Wherever the condition is satisfied we get the original values, and wherever the condition is not satisfied we do not get those records in the output.

Column addition and removal from a Pandas DataFrame

Adding a new column in a DataFrame

store_data

Output

	CustomerID	location	gender	type	quantity	total_bill
0	CustID00	Chicago	M	Electronics	1	100
1	CustID01	Boston	M	Food&Beverages	3	75
2	CustID02	Seattle	F	Food&Beverages	4	125
3	CustID03	San Francisco	M	Medicine	2	50
4	CustID04	Austin	F	Beauty	1	80

# adding a new column in data frame store_data which is a rating (out of 5) given by customer based on their shopping experience
store_data['rating'] = [2,5,3,4,4]
store_data

Output

	CustomerID	location	gender	type	quantity	total_bill	rating
0	CustID00	Chicago	M	Electronics	1	100	2
1	CustID01	Boston	M	Food&Beverages	3	75	5
2	CustID02	Seattle	F	Food&Beverages	4	125	3
3	CustID03	San Francisco	M	Medicine	2	50	4
4	CustID04	Austin	F	Beauty	1	80	4

Removing a column from a DataFrame

The CustomerID column is a unique identifier of each customer. This unique identifier will not help 24/7 Stores in getting useful insights about their customers. So, they have decided to remove this column from the data frame.

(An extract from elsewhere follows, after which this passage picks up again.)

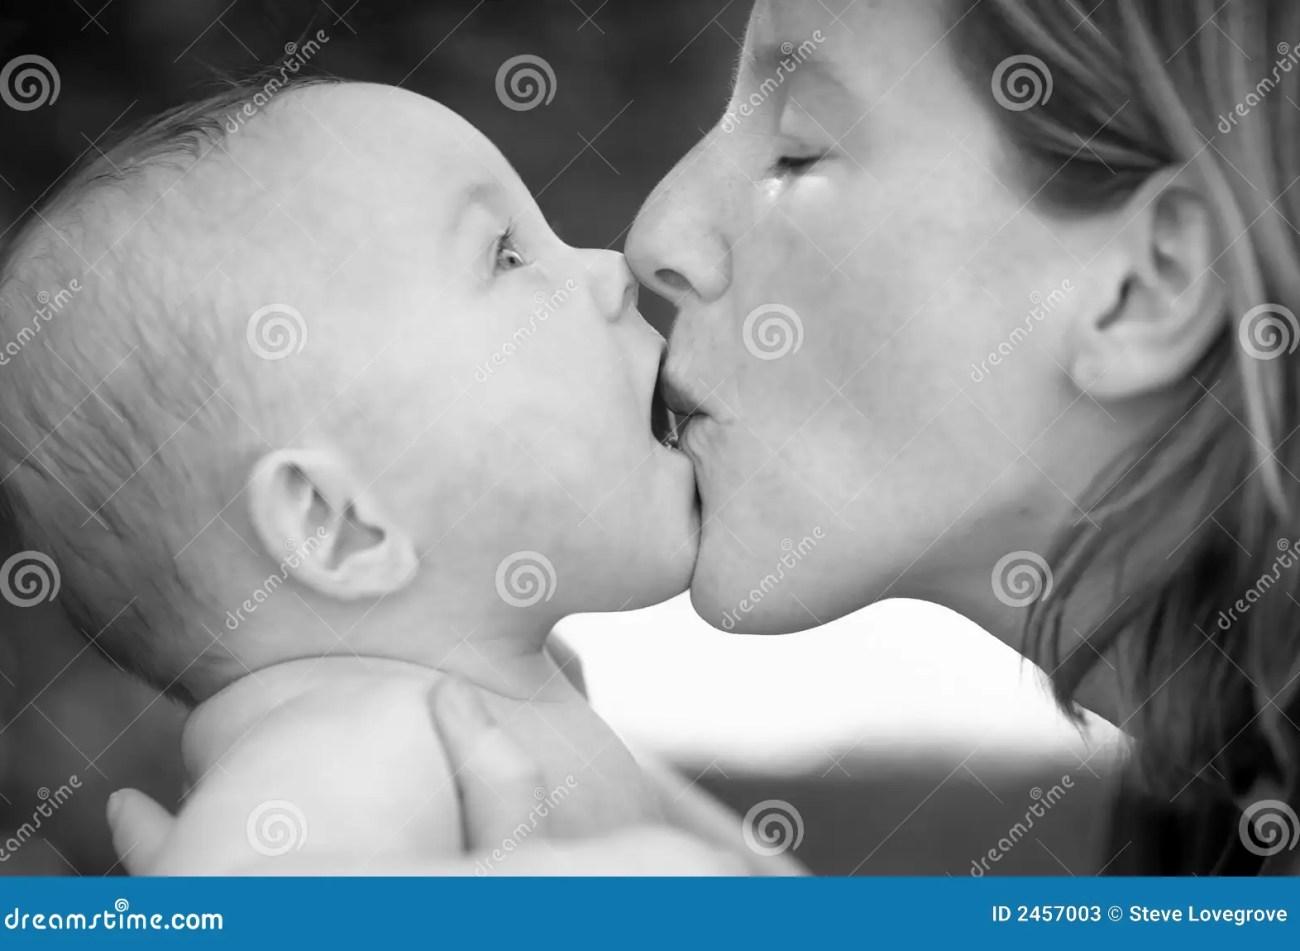 baby kiss stock photos - image: 2457003

store_data.drop('CustomerID',axis=1)

Output

	location	gender	type	quantity	total_bill	rating
0	Chicago	M	Electronics	1	100	2
1	Boston	M	Food&Beverages	3	75	5
2	Seattle	F	Food&Beverages	4	125	3
3	San Francisco	M	Medicine	2	50	4
4	Austin	F	Beauty	1	80	4

We sucessfully removed the ‘CustomerID’ from dataframe. But this change is not permanent in the dataframe, let’s have a look at the store_data again.

store_data

Output

	CustomerID	location	gender	type	quantity	total_bill	rating
0	CustID00	Chicago	M	Electronics	1	100	2
1	CustID01	Boston	M	Food&Beverages	3	75	5
2	CustID02	Seattle	F	Food&Beverages	4	125	3
3	CustID03	San Francisco	M	Medicine	2	50	4
4	CustID04	Austin	F	Beauty	1	80	4

We see that store_data still has column ‘CustomerID’ in it.
To make permanent changes to a dataframe there are two methods will have to use a parameter inplace and set its value to True.

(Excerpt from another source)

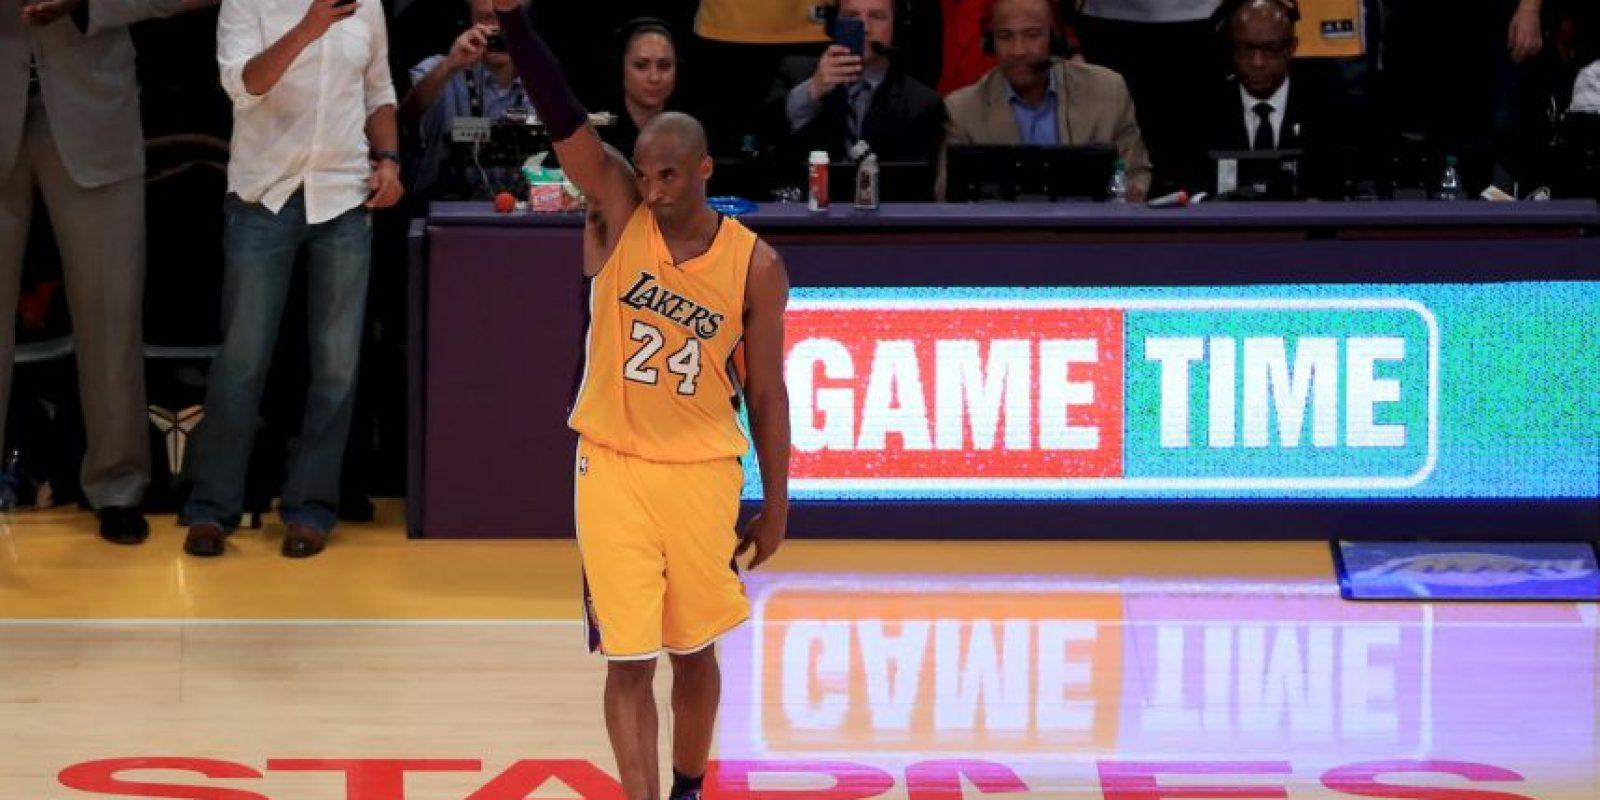 Kobe Bryant seguramente estará agradecido del tremendo regalo Foto:Getty Images

store_data.drop('CustomerID',axis=1,inplace=True)
store_data

Output

	location	gender	type	quantity	total_bill	rating
0	Chicago	M	Electronics	1	100	2
1	Boston	M	Food&Beverages	3	75	5
2	Seattle	F	Food&Beverages	4	125	3
3	San Francisco	M	Medicine	2	50	4
4	Austin	F	Beauty	1	80	4

Now the column has been permanently removed from the dataframe.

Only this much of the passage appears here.